In Slate, a look at the various national versions of Ricky Gervais’ The Office and what the fact of so many variants tells us about humor.

According to legend, in Denmark during World War II, border guards would screen homecoming Danes by making them say aloud the name of the Danish dessert rødgrød med fløde—berry pudding with cream. (To approximate the sound of these words, say them while gargling and whistling.) Apparently, even the craftiest Danish-seeming German infiltrator could not pass this simple test. The Danish ear recognized its own.

I was reminded of this shibboleth recently while watching two foreign sitcoms patterned on the exultantly depressing hit BBC comedy The Office—a mockumentary chronicle of the drudgery, rivalries, and wan romances in an office headed by a blowhard slacker boss. The show, which was created in 2001 by Ricky Gervais (who plays the boss, David Brent) and Stephen Merchant, has been exported to 80 countries (as-is or dubbed) and has proved popular in most of them, including this one, where it ran on BBC America.

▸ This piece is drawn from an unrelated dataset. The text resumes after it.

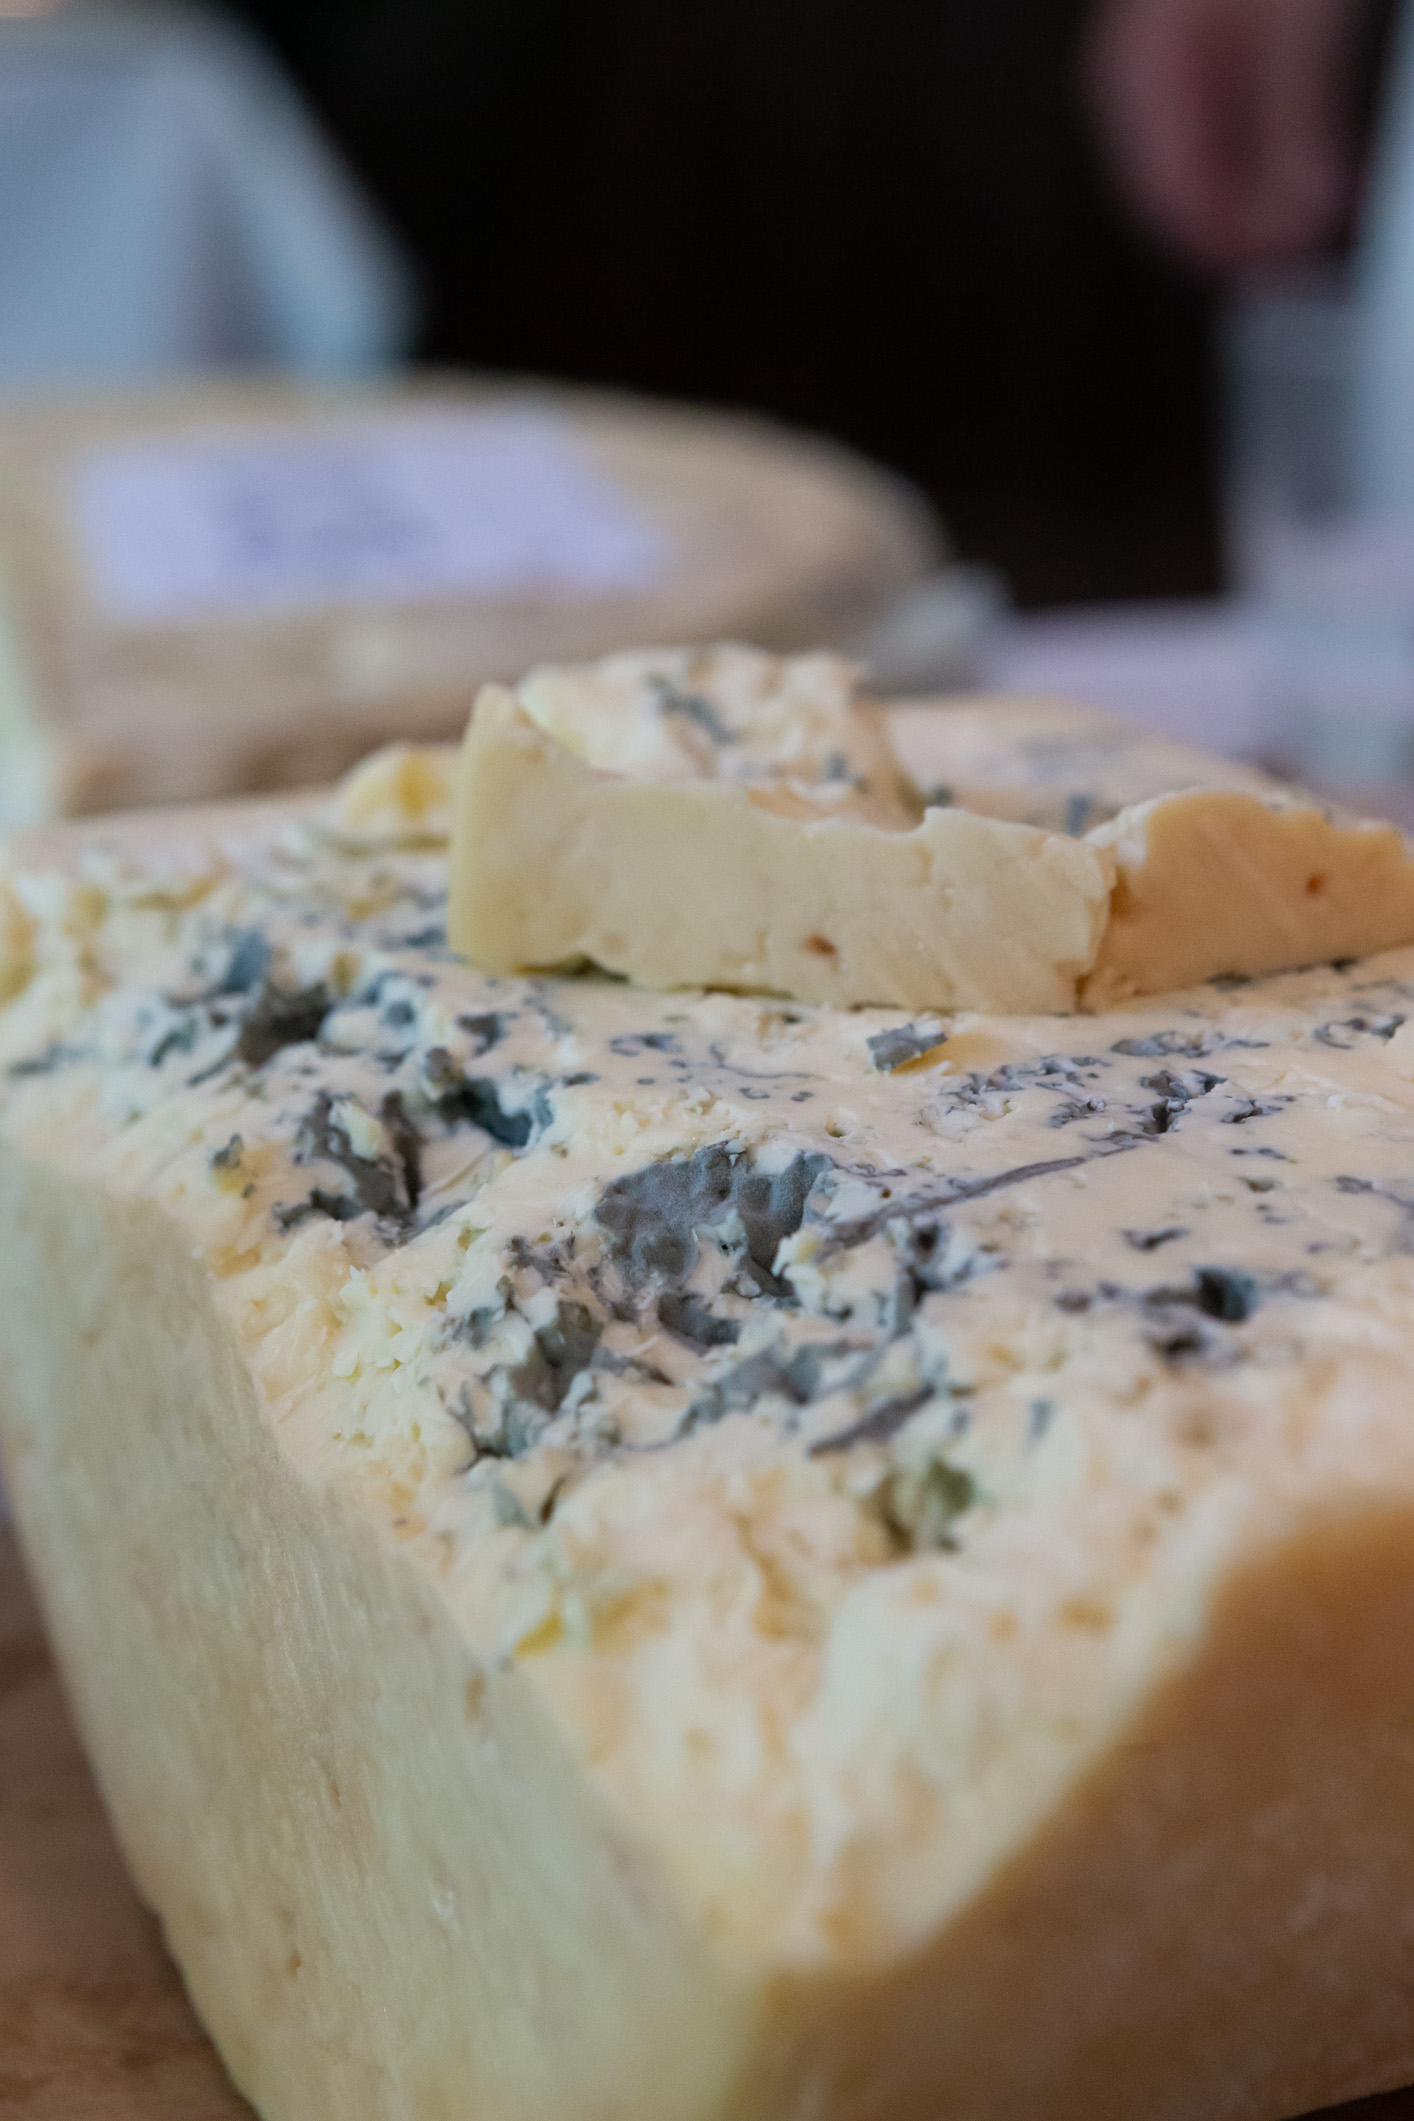 2019 Blue Cheese.jpg

In France, however, the dubbed version sank like a lead ballon when it aired two years ago. But when a BBC-licensed French remake, Le Bureau, debuted on French television last month—starring the sly, puffy-faced French comedian François Berléand as the useless Gilles Triquet—critics hailed it as a succès fou. Meanwhile, a German imitator, Stromberg, in which the boss is a high-strung, homophobic alcoholic, won the German Comedy Prize’s best actor award last winter for its director and star, Christoph Maria Herbst.